When I run this test I get the problems that I have been describing. As far as I can tell the more separate http post requests I make the more instances of the class org.geotools.xml.impl.SchemaIndexImpl, and others I get. I believe if you run the same tests you will see the same thing but I cannot be sure about that. If you need to know anything else to help you run your own tests or, if for some reason you cannot reproduce the memory leak then let me know. Thanks for all your help so far.
Brett
-----Original Message-----
From: Justin Deoliveira [mailto:jdeolive@anonymised.com]
Sent: Thursday, September 11, 2008 5:44 PM
To: Levasseur, Brett
Cc: 'Gabriel Roldán'; geoserver-users@lists.sourceforge.net; David R Robison
Subject: Re: FW: [Geoserver-users] Memory Leak
Hi Brett,
Thanks for the info... I think this makes sense.
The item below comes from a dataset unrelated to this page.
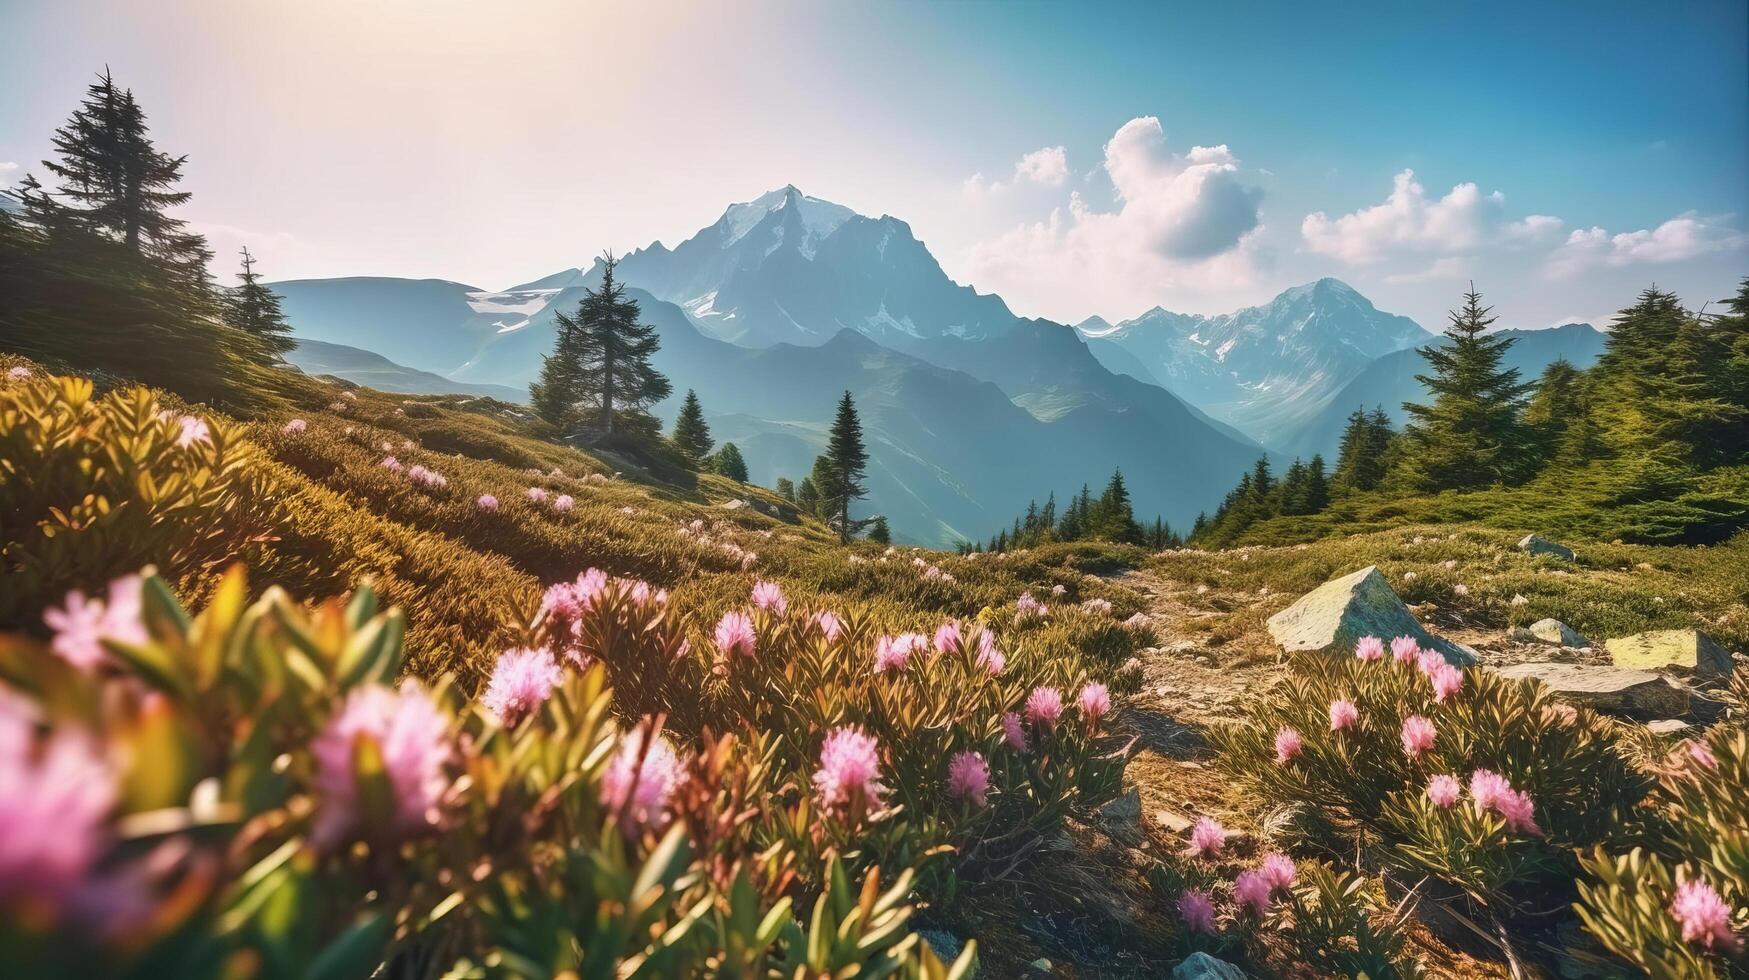 Pink flowers in mountain. Illustration photo
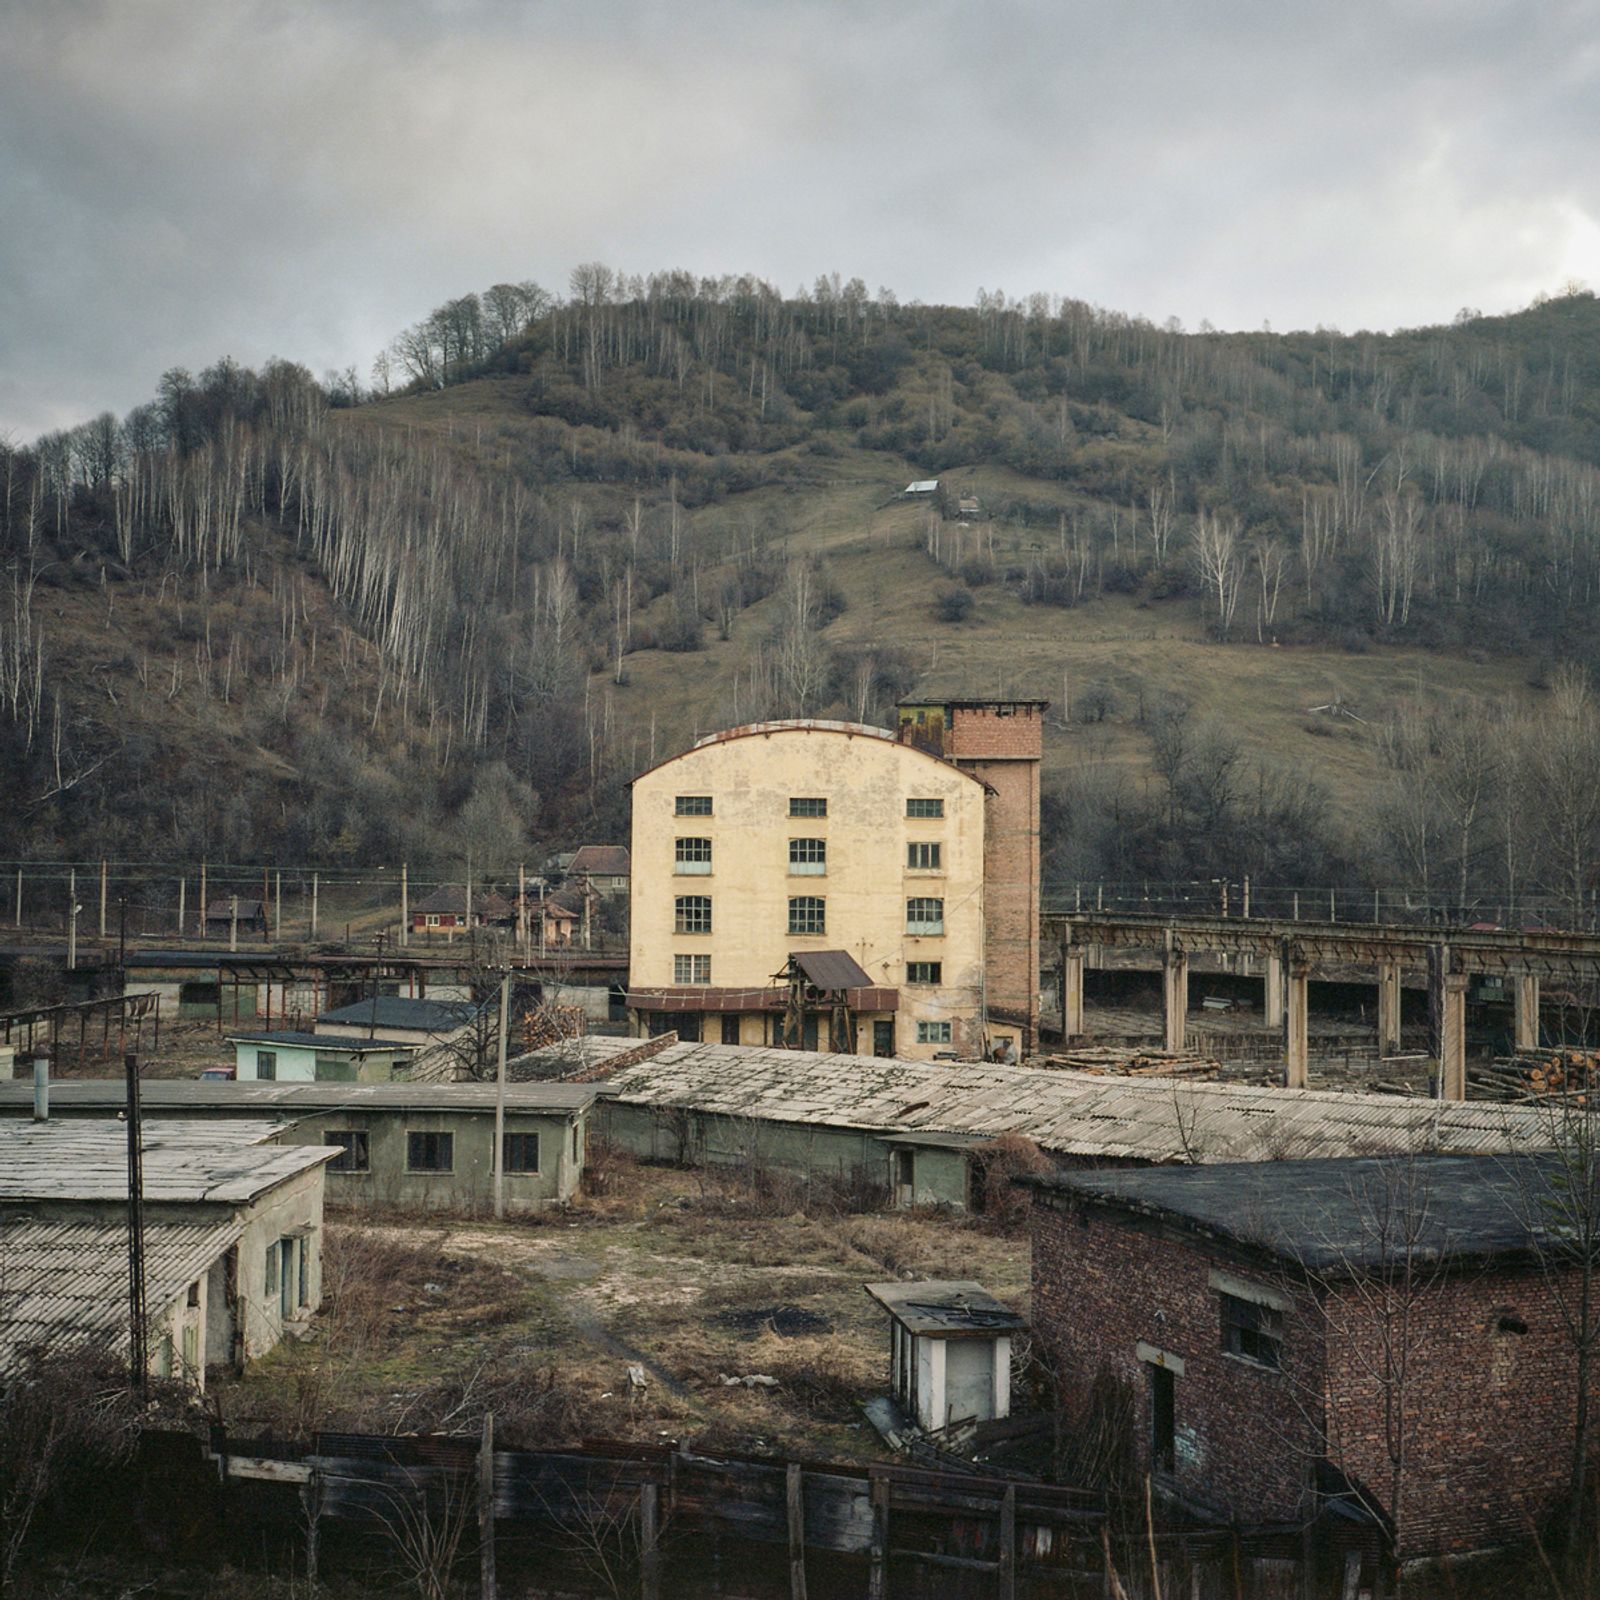 © Ioana Cirlig - Image from the Post-industrial stories photography project

I believe the adapter
the index attaches to the schema needs to be removed on index disposal.
That or the index should be reused and not continually recreated.
Is there a jira issue open for this? If not we should create one.
Also how are you running a load on GeoServer during profiling? Are you
using an automated tool? Some script you wrote? etc... It might save
some time if i could reuse your setup.
-Justin
Levasseur, Brett wrote:
Gabriel & Justin,
I just found a feature in Yourkit called 'GC Roots', which is supposed to give better information for finding memory leaks by showing why an object is retained in memory. I used this on the class org.geotools.xml.implSchemaIndexImpl and got the following, I hope this helps a little more.
org.geotools.xml.impl.SchemaIndexImpl
org.geotools.xml.impl.SchemaIndexImpl$SchemaAdapter
org.eclipse.emf.common.notify.impl.BasicNotifierImpl$EAdapterList
org.eclipse.xsd.impl.XSDSchemaImpl
org.geoserver.wfs.xml.v1_1_0.WFSSchemaLocator
org.geoserver.wfs.xml.v1_1_0.WFSConfiguration
I had found most of these classes before when I sent my last email, but using the 'GC Roots' feature also highlighted the last two classes in the list above that I had not noticed before.
Brett
-----Original Message-----
From: Levasseur, Brett
Sent: Wednesday, September 10, 2008 11:51 AM
To: 'Gabriel Roldán'; Justin Deoliveira
Cc: David R Robison; geoserver-users@lists.sourceforge.net
Subject: RE: [Geoserver-users] Memory Leak
Gabriel & Justin,
I have used Yourkit to collect some more information. I made two snapshots of the heap while running my tests. In Yourkit I used the Inspections feature and ran the tests under 'Possible leaks'. The 'Lost SWT Controls' test returned nothing. The 'Objects Retained by Inner Class Back References' test did return a few classes. Between the first and the second snapshot the classes that the test returned and the number of instances were the same for all but one. In my first snapshot the class org.geotools.xml.impl.SchemaIndexImpl appeared 470 times taking up 15% of the heaps retained size. In my second snapshot this class appeared 940 times taking up 25% of the heaps retained size. All of the instances of this class were made up of an array of org.eclipse.xsd.XSDSchemaImpl objects and three HashMap objects.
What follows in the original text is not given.